_RAW DATA_
=-=-=-=-=

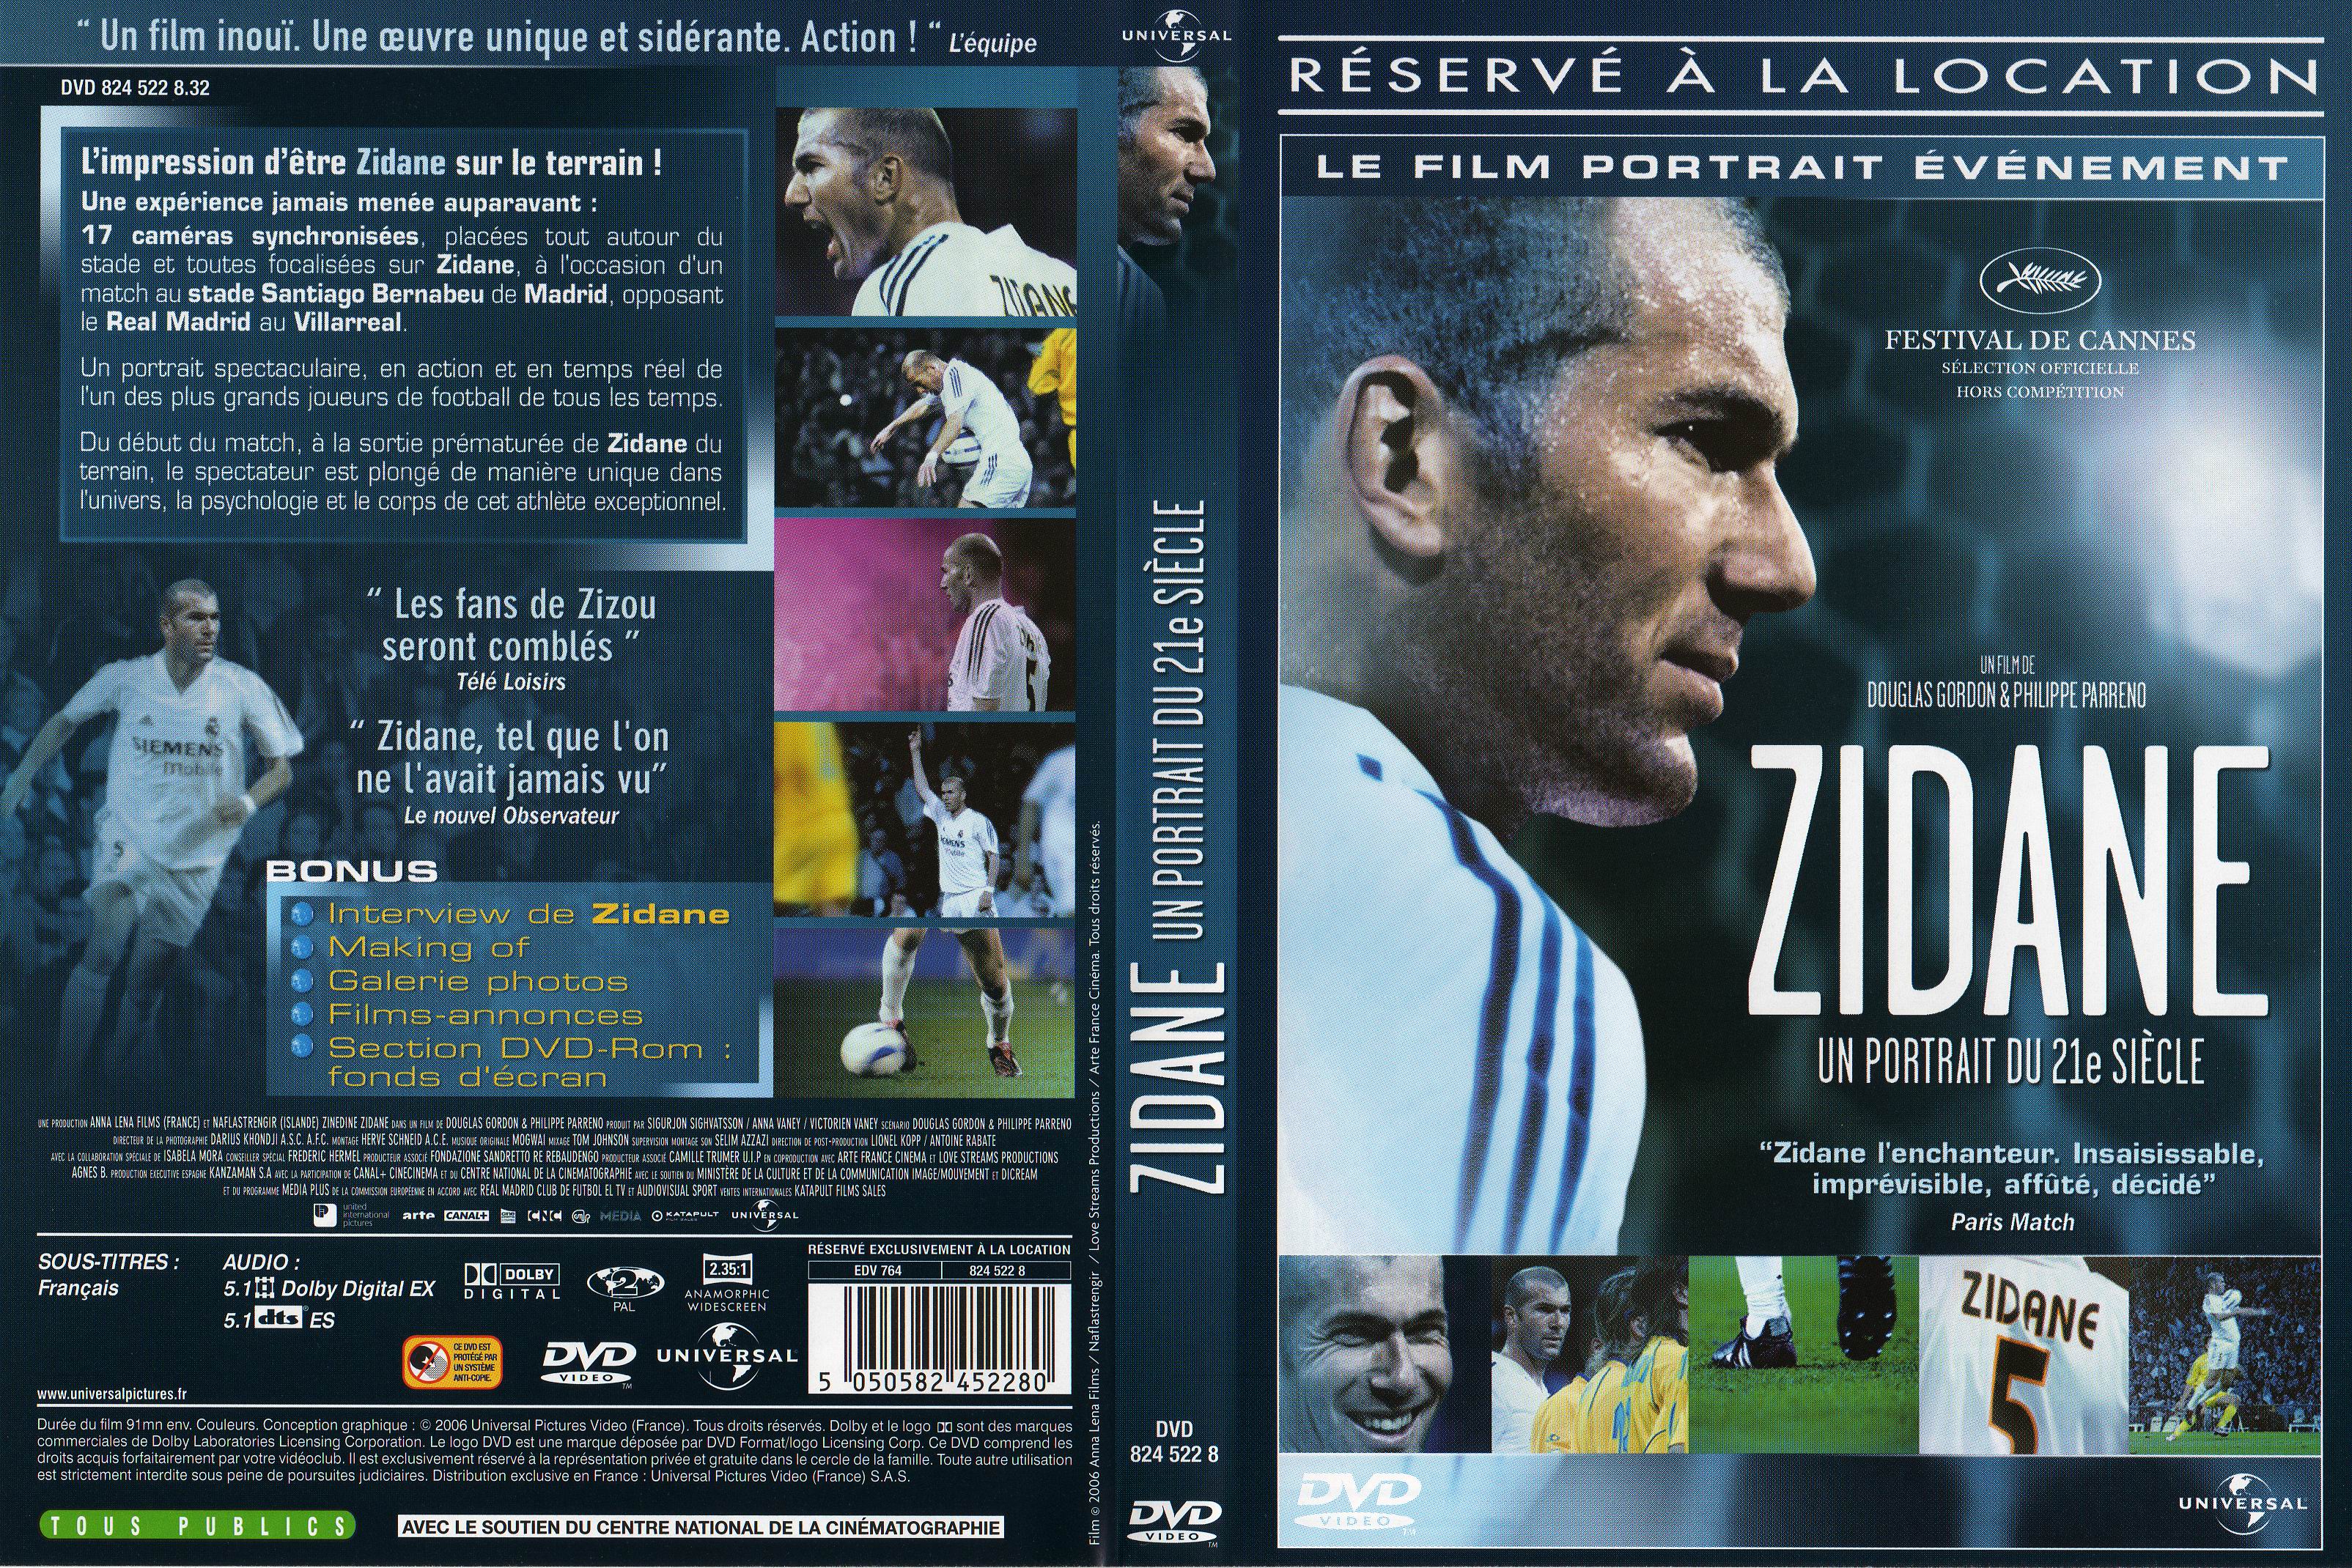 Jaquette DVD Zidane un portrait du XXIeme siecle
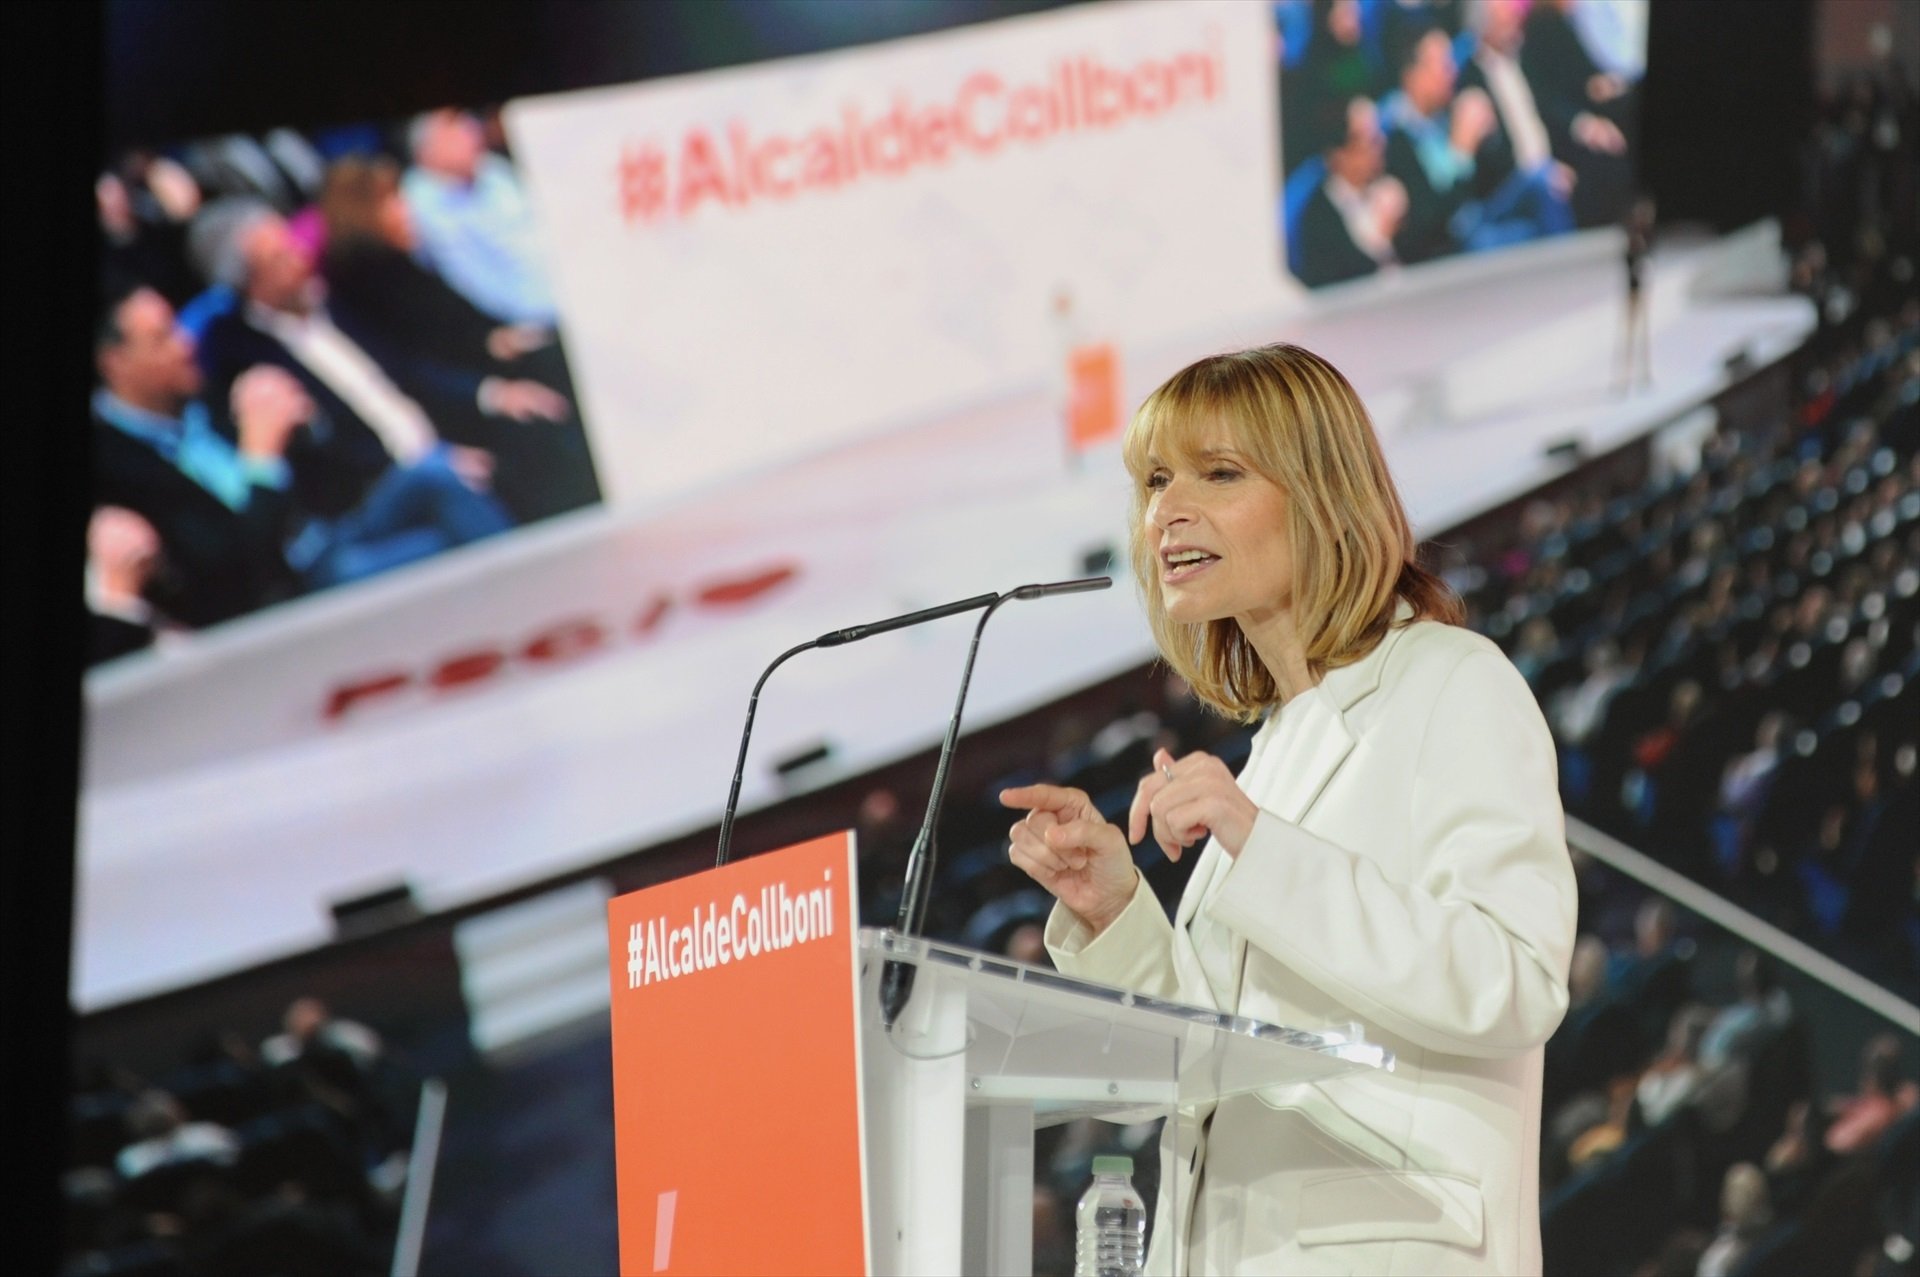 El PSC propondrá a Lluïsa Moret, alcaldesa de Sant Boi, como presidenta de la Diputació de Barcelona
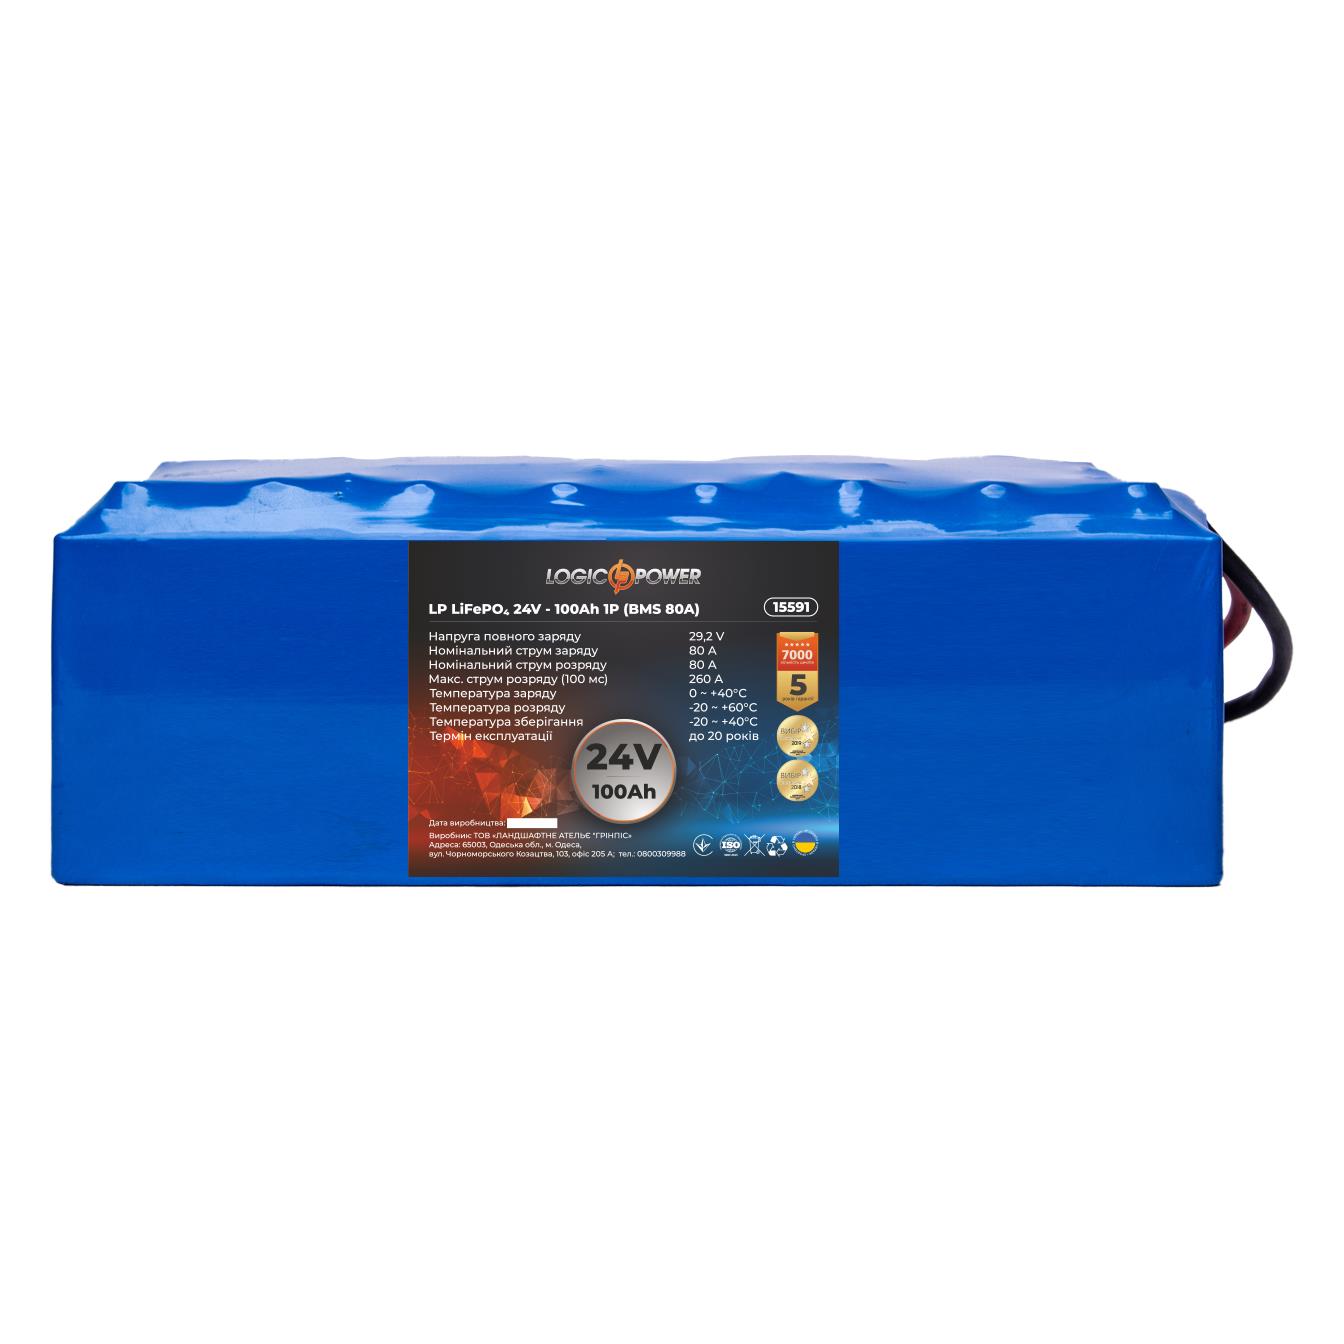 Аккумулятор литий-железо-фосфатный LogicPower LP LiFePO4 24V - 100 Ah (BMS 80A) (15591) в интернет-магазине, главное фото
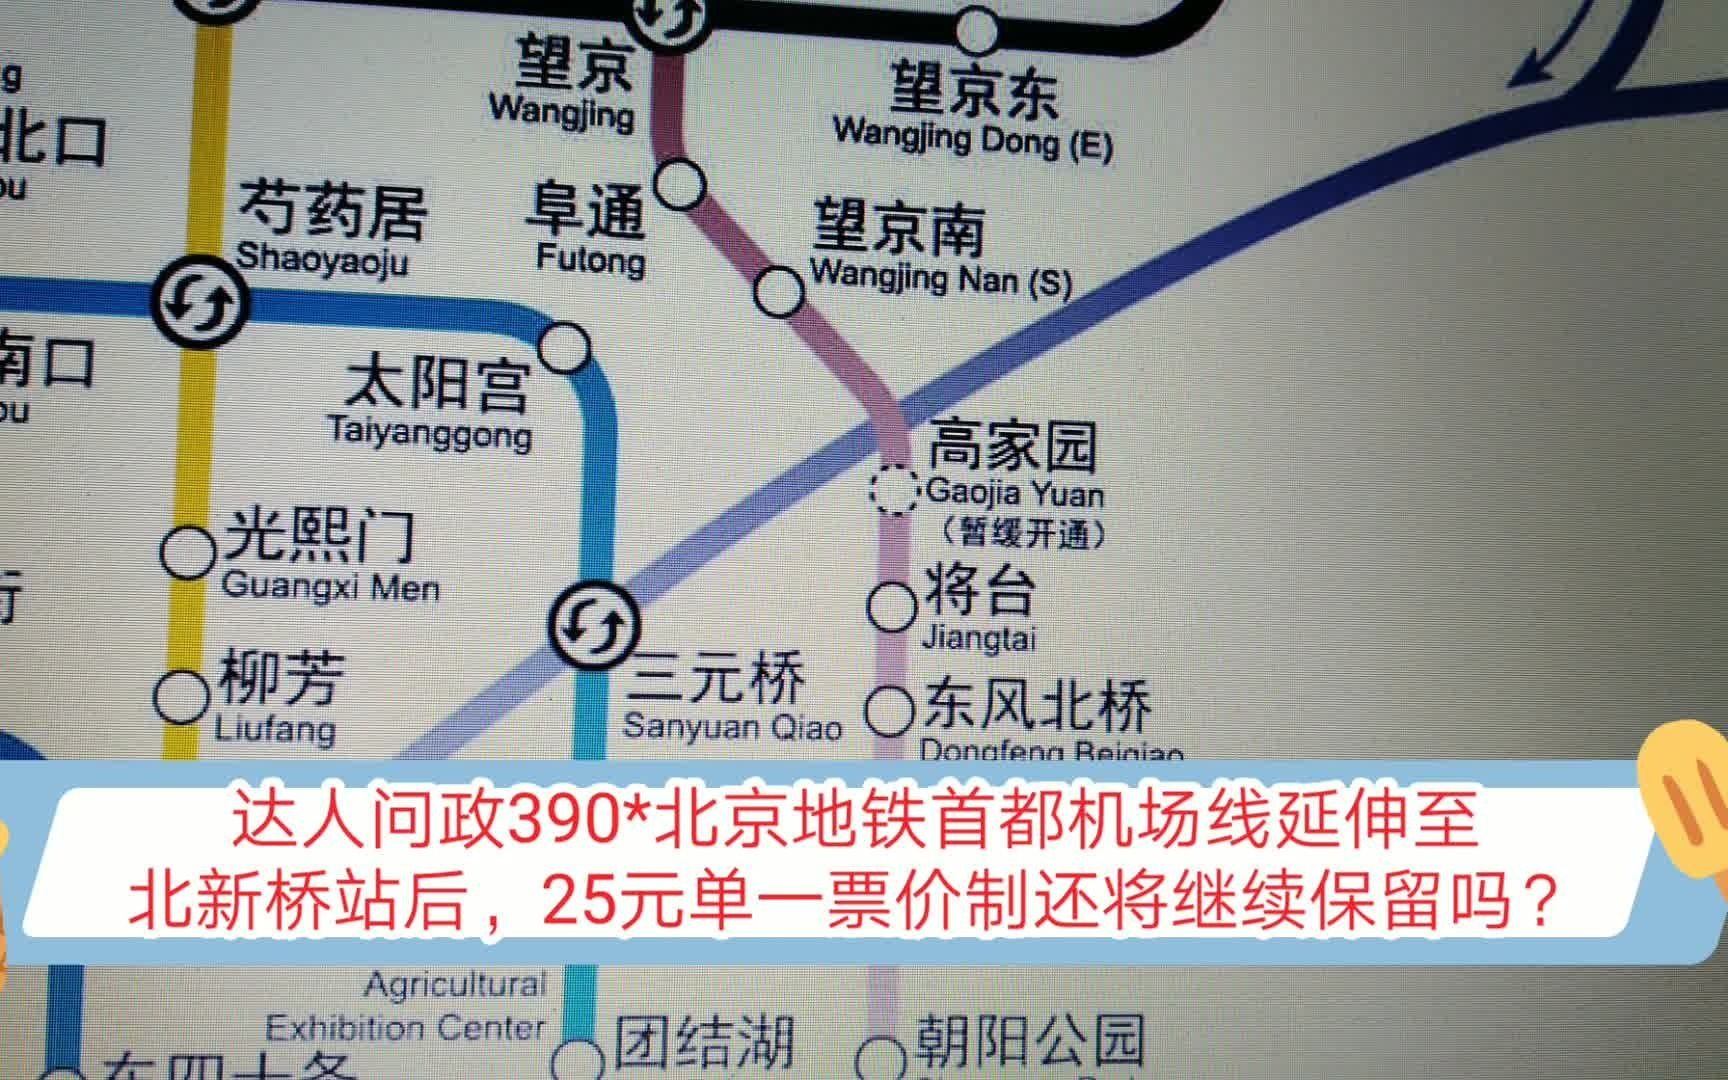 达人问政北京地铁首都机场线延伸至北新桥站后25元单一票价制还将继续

=-=-=-=-=

_REQUIREMENT_
One exact copy of the data, no pictures: write it out line for line.

_YOUR SOLUTION_
 Jaquette DVD Zidane un portrait du XXIeme siecle
 El PSC propondrá a Lluïsa Moret, alcaldesa de Sant Boi, como presidenta de la Diputació de Barcelona
 Аккумулятор литий-железо-фосфатный LogicPower LP LiFePO4 24V - 100 Ah (BMS 80A) (15591) в интернет-магазине, главное фото
 达人问政北京地铁首都机场线延伸至北新桥站后25元单一票价制还将继续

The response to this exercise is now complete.